Any help will be appreciated.
Park's answer gives the simplest way to log transform a numeric only data.frame but log(x+1, base = b)
is a different problem.
log(x + 1)
But if the transformation is y <- log(x + 1)
(could be base 2), then beware of floating-point issues. For very small values of abs(x)
the results of log(x + 1, base = b)
are unreliable.
x <- seq(.Machine$double.eps, .Machine$double.eps^0.5, length.out = 10)
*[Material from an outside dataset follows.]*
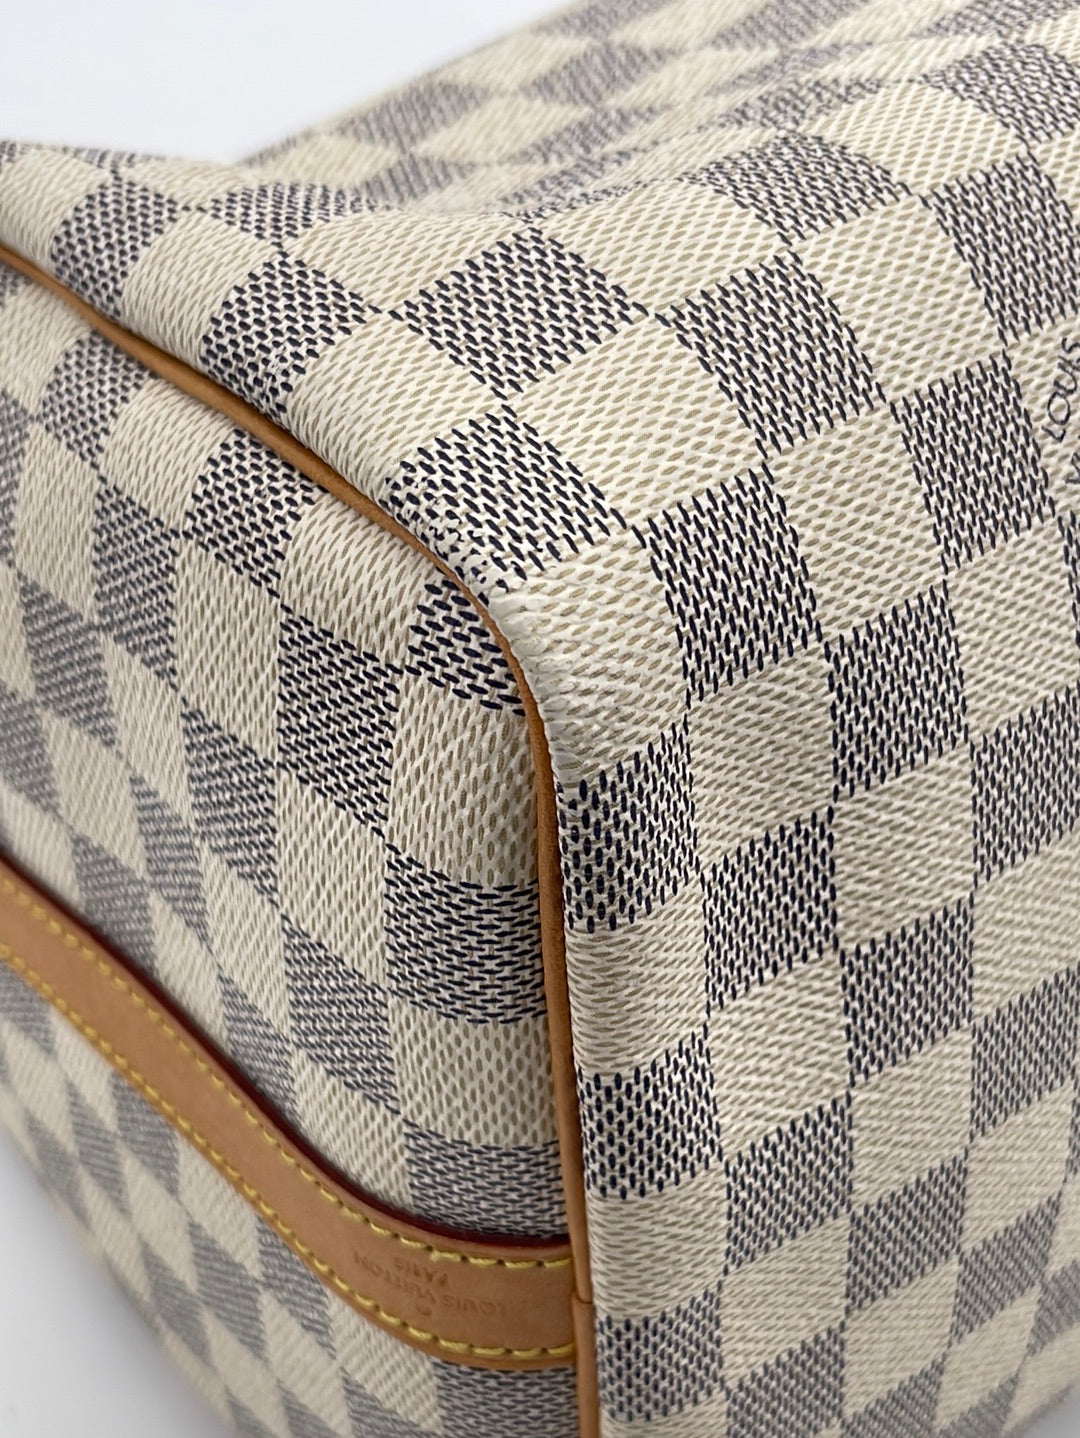 Louis Vuitton White Slides – The Bag Broker
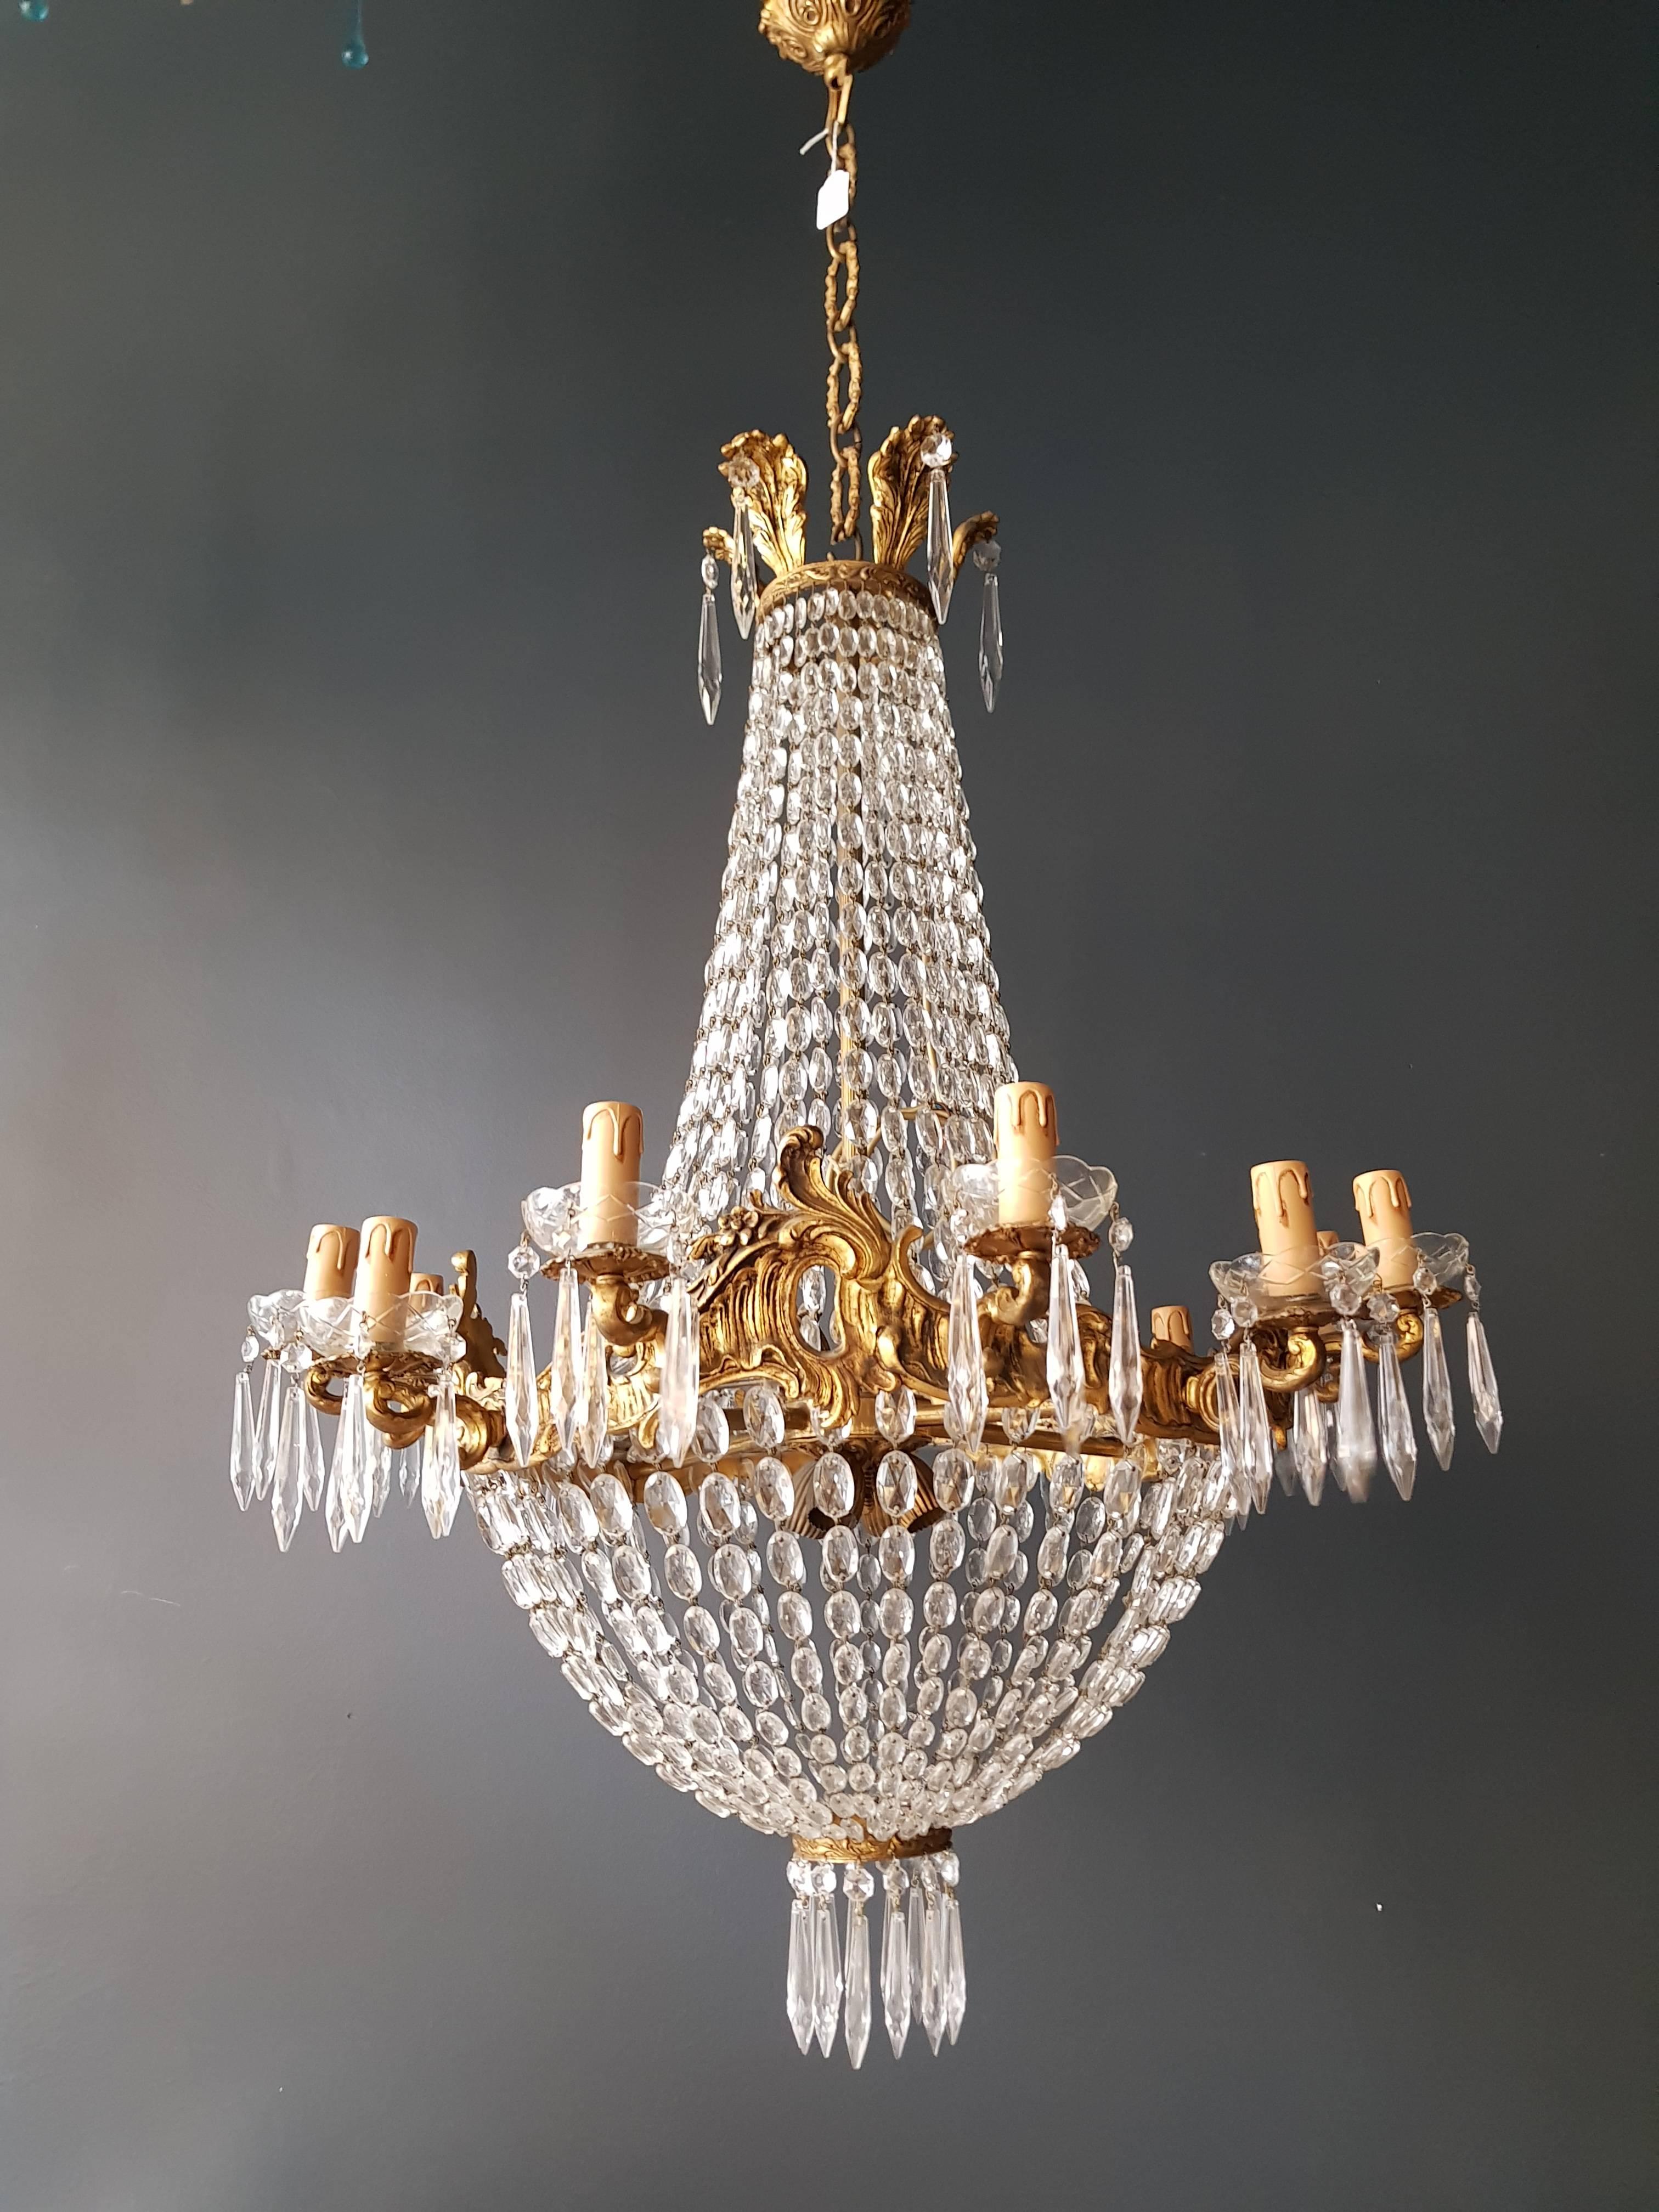 Montgolfière Empire Kronleuchter Crystal Sac a Pearl Lampe Lustre Korb 2

eq <- log(x + 1) == log1p(x)
eq
#[1] TRUE FALSE FALSE TRUE FALSE FALSE TRUE FALSE FALSE TRUE
which(eq)
#[1] 1 4 7 10
This is why base R has a function log1p
. To compute log(x + 1, base = 2)
or, equivalently, log2(x + 1)
, use
log2p1 <- function(x) log1p(x)/log(2)
eq2 <- log2(x + 1) == log2p1(x)
eq2
# [1] FALSE FALSE FALSE FALSE FALSE FALSE TRUE FALSE FALSE TRUE
which(eq2)
#[1] 7 10
In both case the difference between log(x + 1)
and the numerically more accurate version is smaller in absolute value than .Machine$double.eps
.
abs(log(x + 1) - log1p(x)) < .Machine$double.eps
# [1] TRUE TRUE TRUE TRUE TRUE TRUE TRUE TRUE TRUE TRUE
abs(log2(x + 1) - log2p1(x)) < .Machine$double.eps
# [1] TRUE TRUE TRUE TRUE TRUE TRUE TRUE TRUE TRUE TRUE